A roar of outrage drowned out his voice. "Craven!" the Greatjon thundered.

"Begging for a truce will make us seem weak," declared Lord Henrik.

"Ransoms be damned, we must not give up the Kingslayer," shouted Rickard Karstark.

"Why not a peace?" Catelyn asks, her voice breaking through the shouts. Ismeme can only pity the innocence her mother held. She wished herself that peace was an option, but it wasn't. Not with the burning rage she felt inside that only made her want to enact revenge.

"Mother, they murdered my lord father, your husband," Darik says grimly. He unsheaths his sword and lays it on the table before him, the bright steel on the rough wood. "This is the only peace I have for Lannisters."

The Greatjon bellowed his approval, and other men added their voices, shouting and drawing swords and pounding their fists on the table. Catelyn waited until they had quieted.

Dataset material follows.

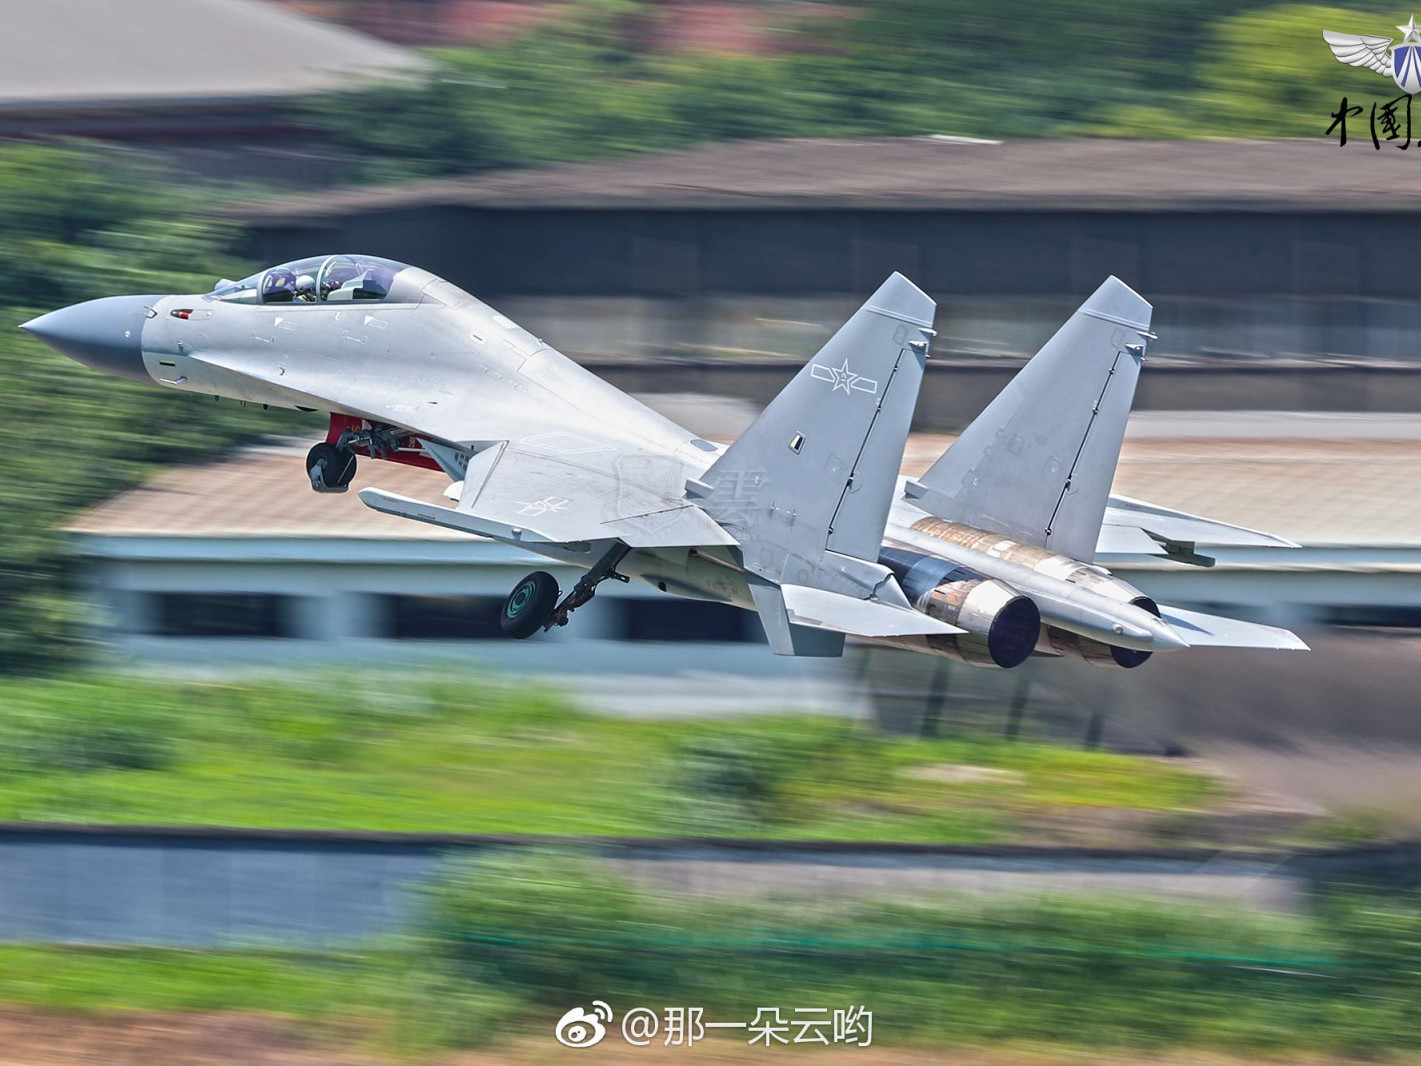 БНХАУ сөнөөгч онгоц хөөргөсний дараа Тайвань өндөржүүлсэн бэлэн байдалд шилжжээ

"My lords," she says then, "Lord Eddard was your liege, but I shared his bed and bore his children. Do you think I love him any less than you?" Her voice almost broke with her grief, but Catelyn took a long breath and steadied herself. "Darik, if that sword could bring him back, I should never let you sheathe it until Ned stood at my side once more...but he is gone, and hundred Whispering Woods will not change that. Ned is gone, and Daryn Hornwood, and Lord Karstark's valiant sons, and many other good men besides, and none of them will return to us. Must we have more deaths still?"

"You are a woman, my lady," the Greatjon rumbles in his deep voice. "Women do not understand these things."

Aubrey looked to him, offended, her eyes as sharp as her tongue and arrowtips. "Care with your words, my lord. Lady Ismene and I are present for a reason."

"You are the gentle sex," Lord Karstark agrees, with the lines of grief fresh on his face. "A man has a need for vengeance."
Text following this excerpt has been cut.